The listing below holds a line with "2020 12 Months" and a later line with "DMiotech Mini Multimeter". Write out those two lines and every line between them, exactly, and nothing else.
BEGIN Dataset
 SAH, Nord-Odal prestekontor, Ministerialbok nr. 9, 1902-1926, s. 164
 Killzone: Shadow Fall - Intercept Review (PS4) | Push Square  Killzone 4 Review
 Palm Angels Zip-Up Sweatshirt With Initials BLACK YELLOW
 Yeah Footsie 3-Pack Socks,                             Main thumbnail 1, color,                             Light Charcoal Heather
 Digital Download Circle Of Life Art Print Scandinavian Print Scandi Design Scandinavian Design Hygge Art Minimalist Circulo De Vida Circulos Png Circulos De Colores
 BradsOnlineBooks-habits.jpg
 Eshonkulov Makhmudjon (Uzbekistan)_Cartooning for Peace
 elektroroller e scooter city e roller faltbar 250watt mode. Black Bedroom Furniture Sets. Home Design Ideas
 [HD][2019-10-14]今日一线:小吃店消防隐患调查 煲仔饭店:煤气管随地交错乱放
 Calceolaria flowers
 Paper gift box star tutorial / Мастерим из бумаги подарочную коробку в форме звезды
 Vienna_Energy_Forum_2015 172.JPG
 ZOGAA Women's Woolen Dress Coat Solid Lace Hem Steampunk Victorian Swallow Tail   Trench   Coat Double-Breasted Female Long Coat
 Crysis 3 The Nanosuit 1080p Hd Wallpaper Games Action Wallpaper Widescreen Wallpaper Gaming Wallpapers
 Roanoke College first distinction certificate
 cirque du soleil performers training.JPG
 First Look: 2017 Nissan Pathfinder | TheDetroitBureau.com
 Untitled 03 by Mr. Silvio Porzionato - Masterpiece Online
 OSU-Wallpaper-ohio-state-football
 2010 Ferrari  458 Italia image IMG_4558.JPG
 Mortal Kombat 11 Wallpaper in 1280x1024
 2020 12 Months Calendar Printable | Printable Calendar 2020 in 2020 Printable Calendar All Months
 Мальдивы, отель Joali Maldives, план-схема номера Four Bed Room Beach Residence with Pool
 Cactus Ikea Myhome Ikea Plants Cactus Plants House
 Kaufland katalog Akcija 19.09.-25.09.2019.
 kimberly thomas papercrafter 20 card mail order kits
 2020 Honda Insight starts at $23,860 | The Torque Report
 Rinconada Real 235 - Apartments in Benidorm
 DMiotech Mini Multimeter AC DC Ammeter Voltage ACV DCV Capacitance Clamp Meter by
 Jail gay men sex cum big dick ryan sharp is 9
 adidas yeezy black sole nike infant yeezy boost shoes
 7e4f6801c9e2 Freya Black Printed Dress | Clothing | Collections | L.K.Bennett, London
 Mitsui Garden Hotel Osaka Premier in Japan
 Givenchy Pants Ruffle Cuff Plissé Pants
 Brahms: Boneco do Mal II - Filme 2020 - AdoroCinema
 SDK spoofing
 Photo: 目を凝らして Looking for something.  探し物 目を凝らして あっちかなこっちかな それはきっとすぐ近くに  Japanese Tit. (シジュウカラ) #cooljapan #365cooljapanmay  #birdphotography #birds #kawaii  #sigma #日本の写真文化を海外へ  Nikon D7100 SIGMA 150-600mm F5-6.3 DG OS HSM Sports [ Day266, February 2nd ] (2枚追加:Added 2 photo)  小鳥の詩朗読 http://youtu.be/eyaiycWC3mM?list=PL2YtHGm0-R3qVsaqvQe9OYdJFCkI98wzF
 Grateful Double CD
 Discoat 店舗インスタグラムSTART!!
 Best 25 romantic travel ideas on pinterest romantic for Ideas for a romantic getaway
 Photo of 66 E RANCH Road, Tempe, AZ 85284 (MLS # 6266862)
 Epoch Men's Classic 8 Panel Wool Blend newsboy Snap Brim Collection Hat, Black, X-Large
END Dataset
▸ Solution to the exercise
 2020 12 Months Calendar Printable | Printable Calendar 2020 in 2020 Printable Calendar All Months
 Мальдивы, отель Joali Maldives, план-схема номера Four Bed Room Beach Residence with Pool
 Cactus Ikea Myhome Ikea Plants Cactus Plants House
 Kaufland katalog Akcija 19.09.-25.09.2019.
 kimberly thomas papercrafter 20 card mail order kits
 2020 Honda Insight starts at $23,860 | The Torque Report
 Rinconada Real 235 - Apartments in Benidorm
 DMiotech Mini Multimeter AC DC Ammeter Voltage ACV DCV Capacitance Clamp Meter by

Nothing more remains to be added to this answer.